On Saturday, Workman married his longtime girlfriend, Betty Eliason, in a ceremony at The Next Inning, an assisted living facility in Orfordville.
The Rev. Susan Shands from Agrace Hospice led the ceremony attended by family, friends, other residents, hospice workers, nurses, assisted living staff and the home’s cat, who wandered through in the middle of the ceremony.
“We wanted to have it here so mom could see it,” Workman said. “That was important to us.”
His mother has Parkinson’s disease and dementia, and she is in hospice care.
The event was a surprise. On Saturday morning, staff at The Next Inning did Earle’s hair and helped her put on her best dress.
Her son was there, but she thought he was just visiting.
When he leaned down to her wheelchair to tell her, she made her little joke. And then her face crumpled up into tears.
But that’s typical, said her sister Elaine Steiner. Earle is a master of the sharp crack, but she’s a deeply emotional person.
“She cries at happy movies, she cries at sad movies,” Steiner said.

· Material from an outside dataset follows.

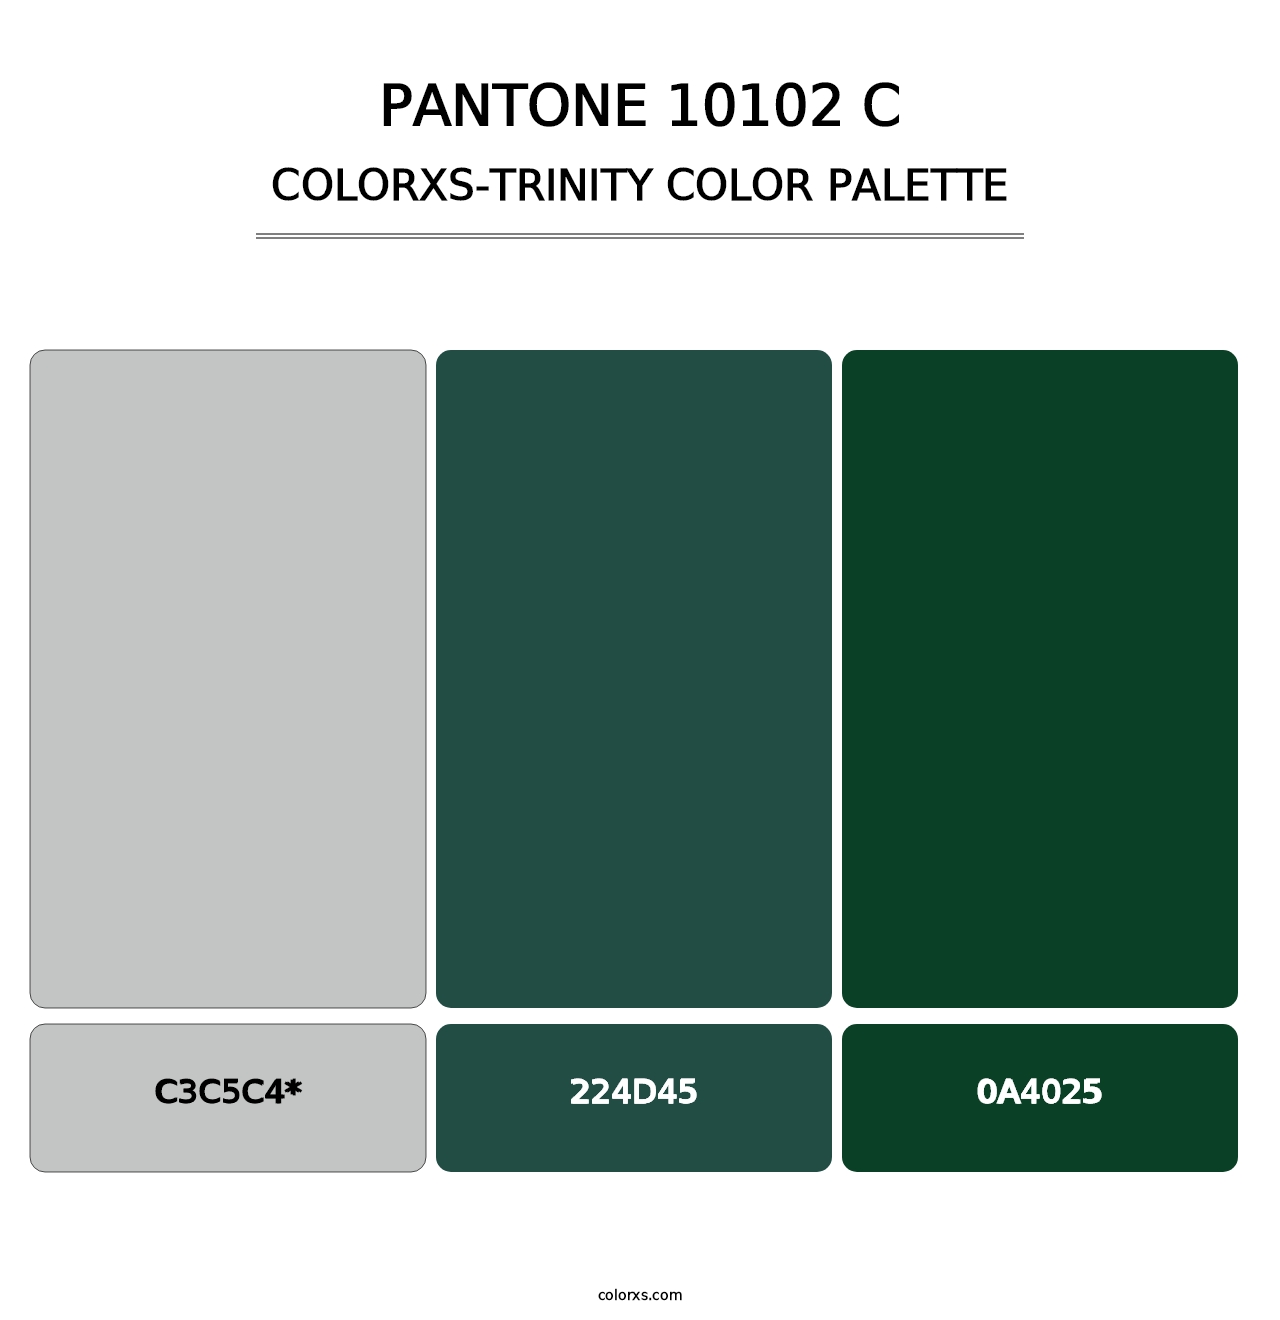 PANTONE 10102 C - Colorxs Trinity Palette

During the ceremony, Steiner held her sister’s hand. Earle watched intently as the couple exchanged vows and lit a unity candle together.
After that, it was time for family photos and an informal dinner.
It was the first wedding for The Next Inning, said Kim Baxter, facility manager.
Agrace and Starr Nunn, The Next Inning’s owner, helped make the wedding possible. Best Events, the Janesville catering company, provided the post-wedding dinner.